As others have already explained, "Däd i so" and "Damma so" translate to

Däd i so. = Täte ich so. = Würde ich so machen.
Damma so. = Tun wir so. = Machen wir so.

To provide a bit of context and help you understand dialect phrases on your on, I created a small dictionary of commonly shortened expressions. It includes mostly pronouns and variations of "tun", "gehen" and "sein". With that in mind, it shouldn't be too hard to decipher most dialect speech.


ich = i, ie
sie = se
wir = mir, ma, mr
ein = a
mein = mei, moi, ma
dein = dei, da
sein = sei, sa
deren = dennr

Variations of "tun"

täte = däd
tust du = tusch
tun wir = tamma, damma, demmr
tun sie = danse, dense

Variations of "gehen"

gehst du = gosch
geht es = gods
gehen wir = gamma, gammr, gemmr

Variations of "sein"

bin ich = benni
bist du = bisch
ist er = issr
ist sie = isse
ist es = ischs
sind wir = samma, sammr, semmr
seid ihr = sans, sands, seids, seidr
sind sie = sanse, sense

  • 1
    This is very useful, thanks.

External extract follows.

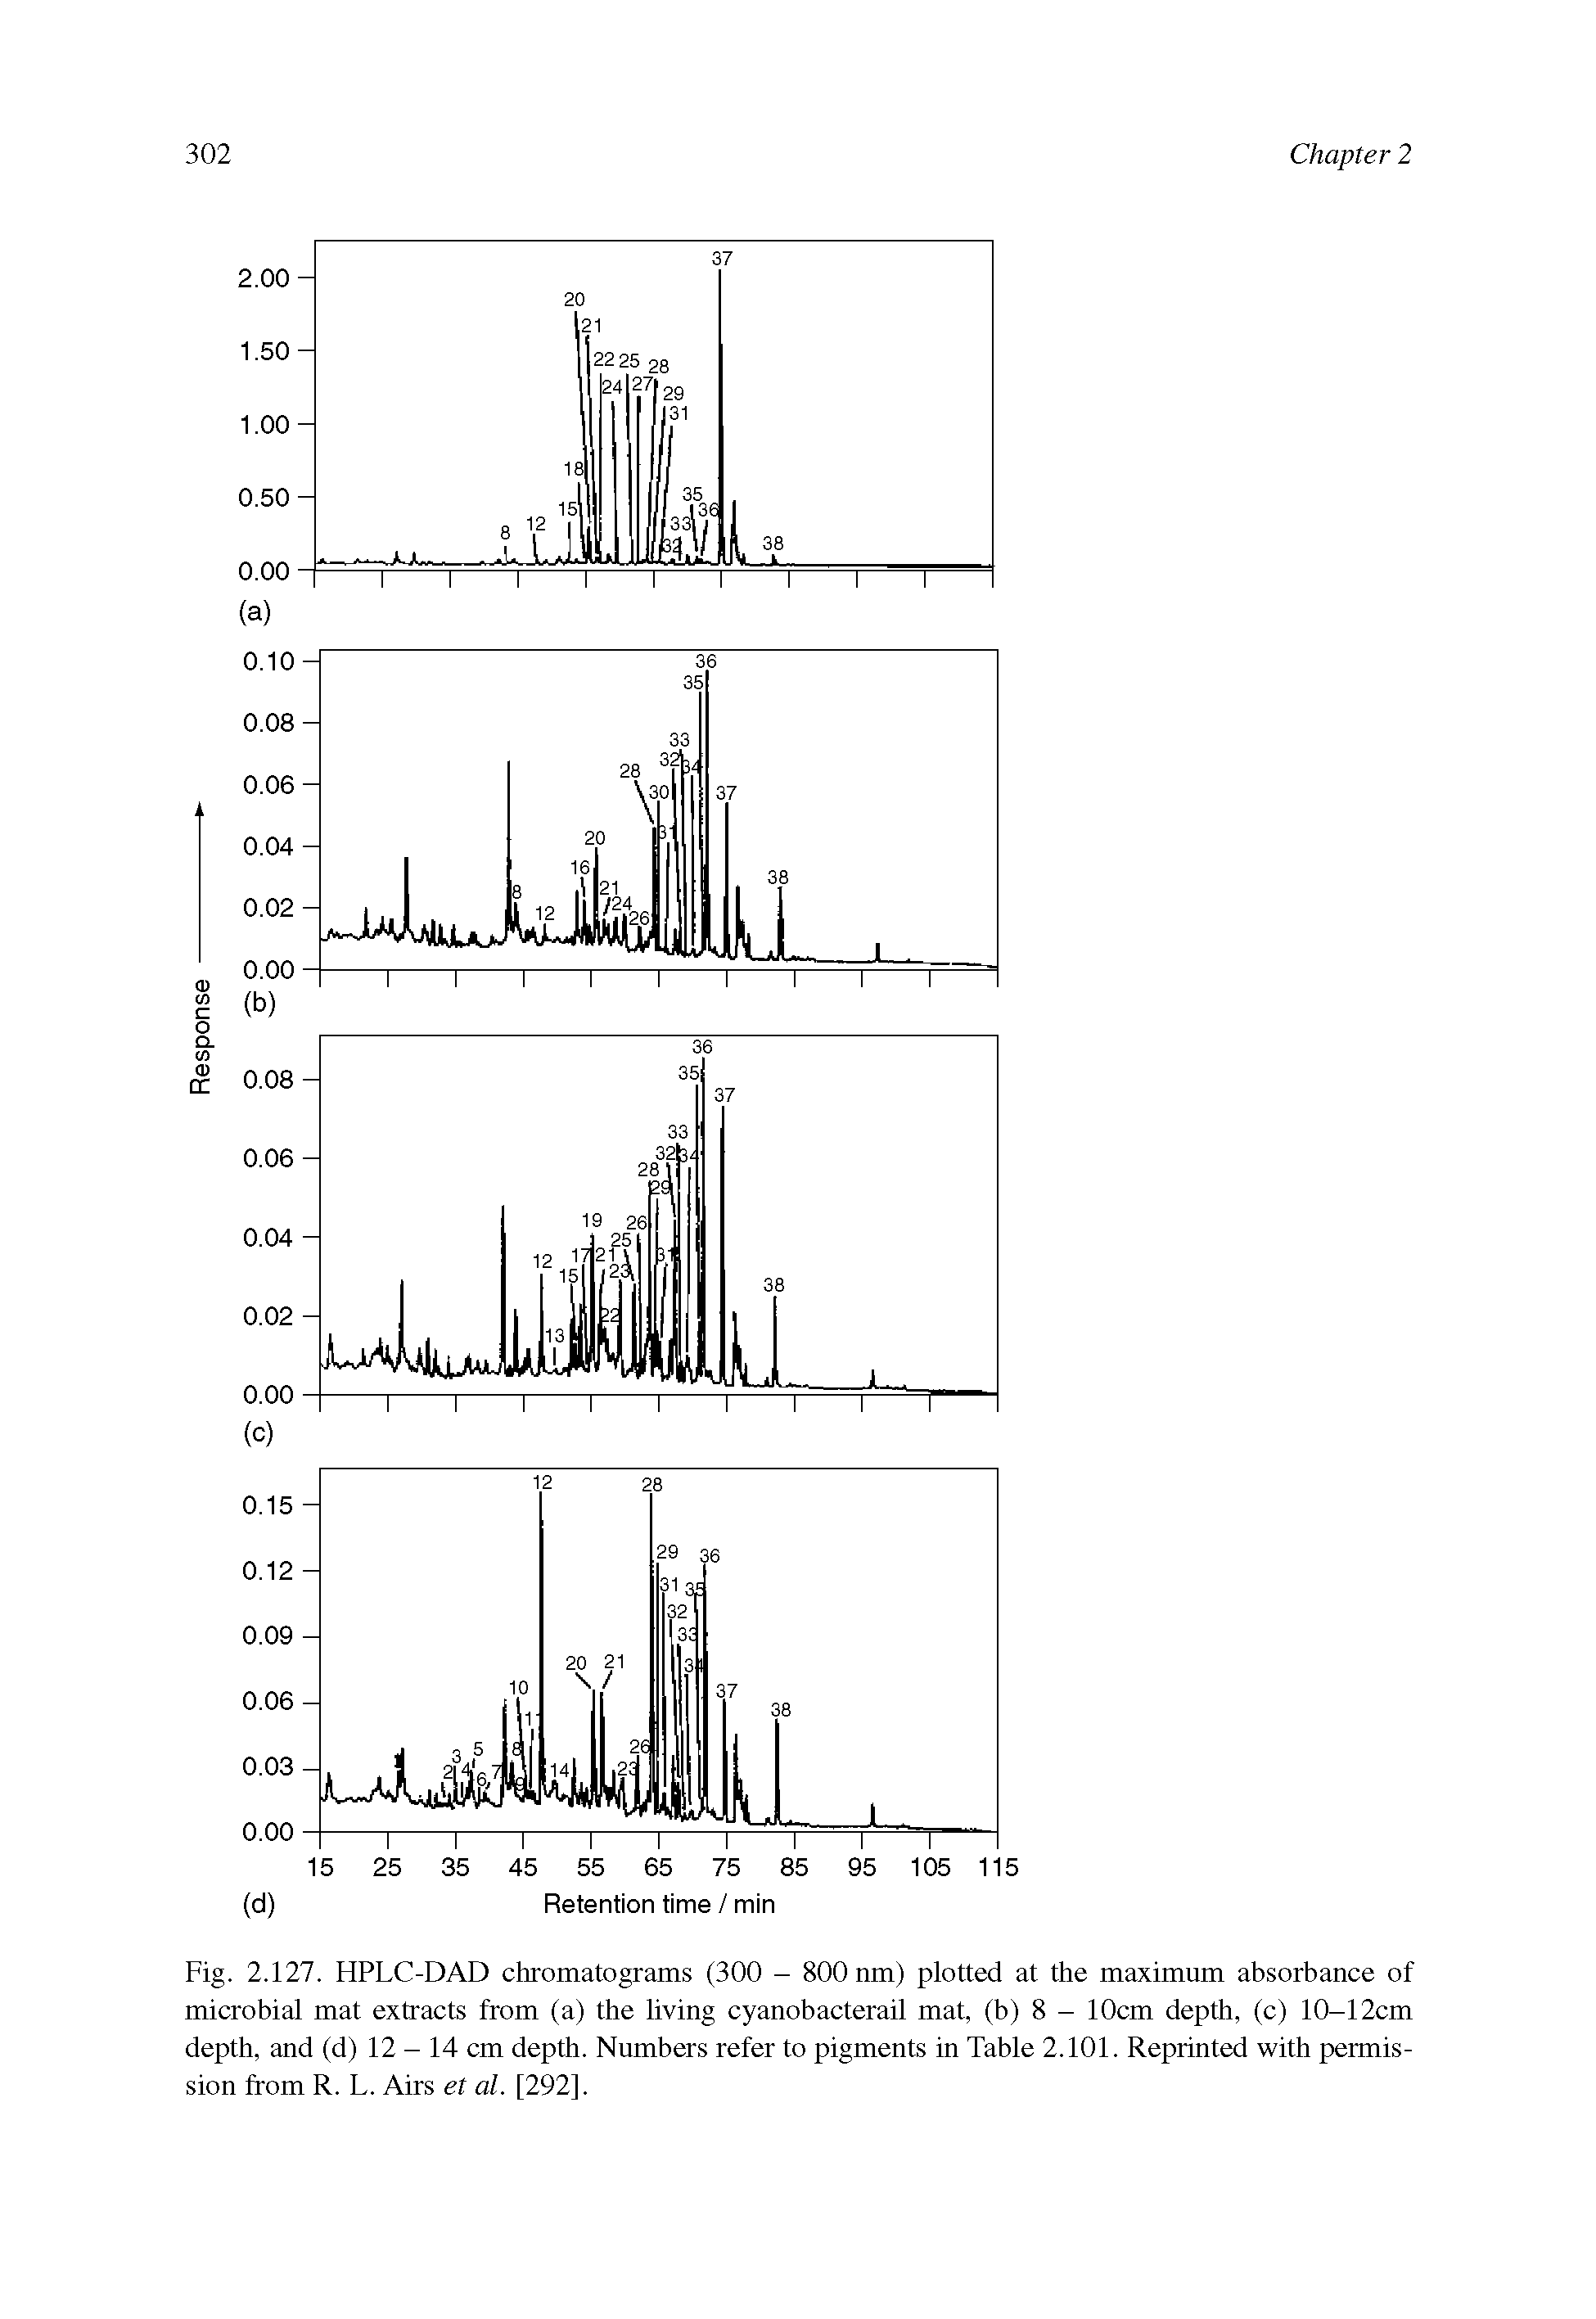 Fig. 2.127. HPLC-DAD chromatograms (300 - 800 nm) plotted at the maximum absorbance of microbial mat extracts from (a) the living cyanobacterail mat, (b) 8 - 10cm depth, (c) 10-12cm depth, and (d) 12 - 14 cm depth. Numbers refer to pigments in Table 2.101. Reprinted with permission from R. L. Airs et al. [292].
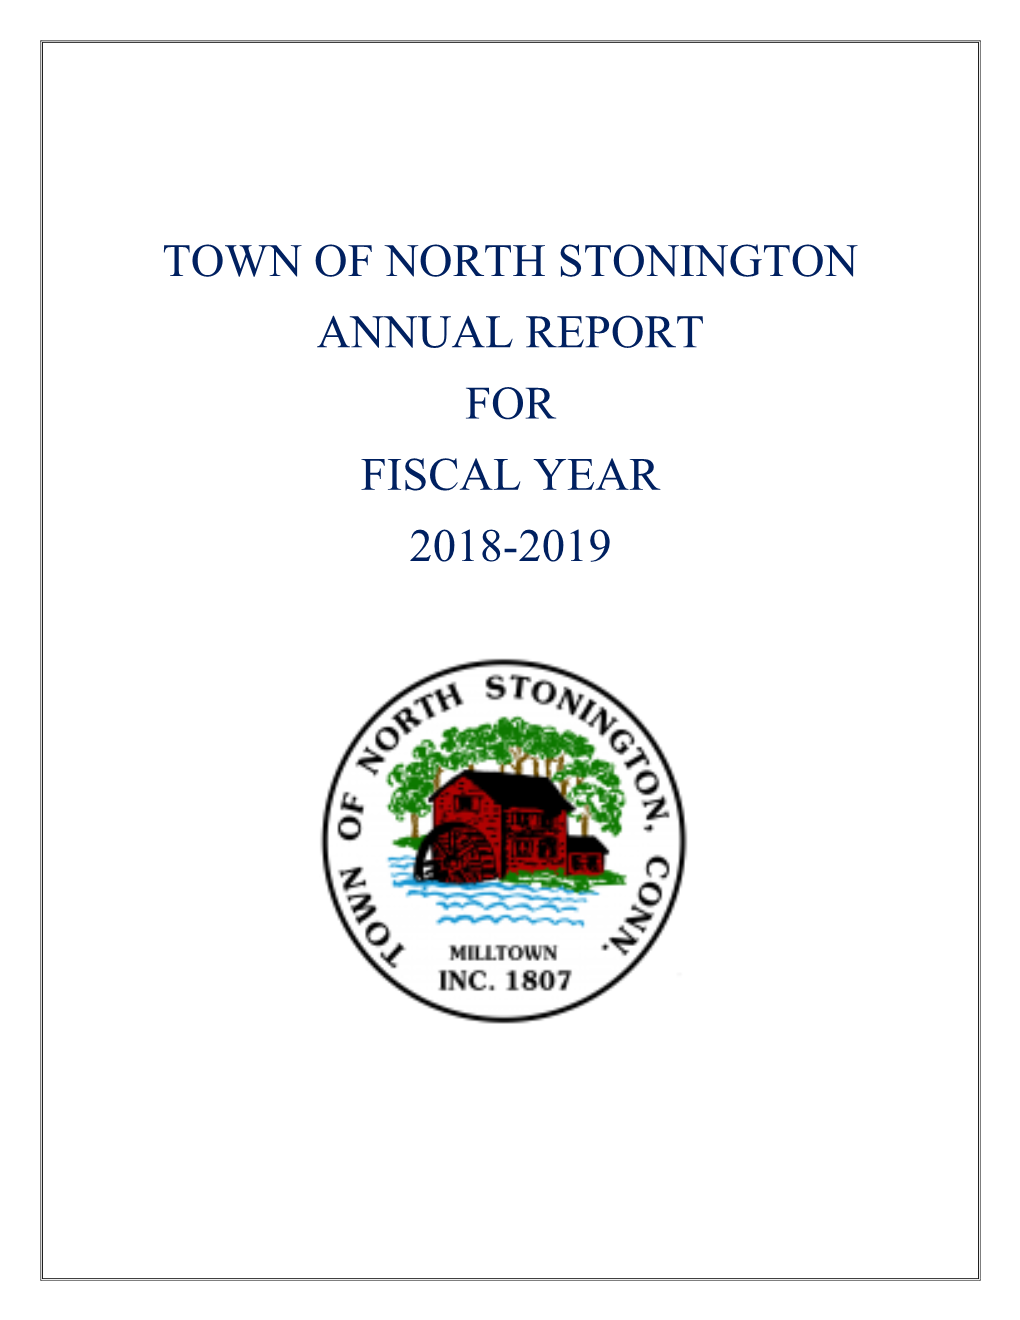 Town of North Stonington Annual Report Fiscal Year 2018-2019

The dialect is SO STRONG. I struggle enough with German. Adding Tirolean on top is a nightmare. So just to check, "damma so" means "that's how we will do it" and "däd i so" means "that's how I would do it?
    – Delmontee
    Commented Oct 29, 2021 at 10:32
  • Yes, your translations are correct. A conversation like "Däd i so. - Damma so." translates to "That's how I would do it. - Okay, let's do it that way." (@James)
    – Rainer P.
    Commented Oct 29, 2021 at 10:46
  • As someone living in Klagenfurt and also struggling with the dialect, I also thank you! This is useful!
    – Mahm00d
    Commented Nov 1, 2021 at 14:22

In addition to what others have answered another possibility could be the following:

When you understood

  • "Da die so" and
  • "da ma' so"

it was in reality

  • "Dad i sogn" ("Täte ich sagen") and
  • "Dan ma sogn" ("Täten wir sagen").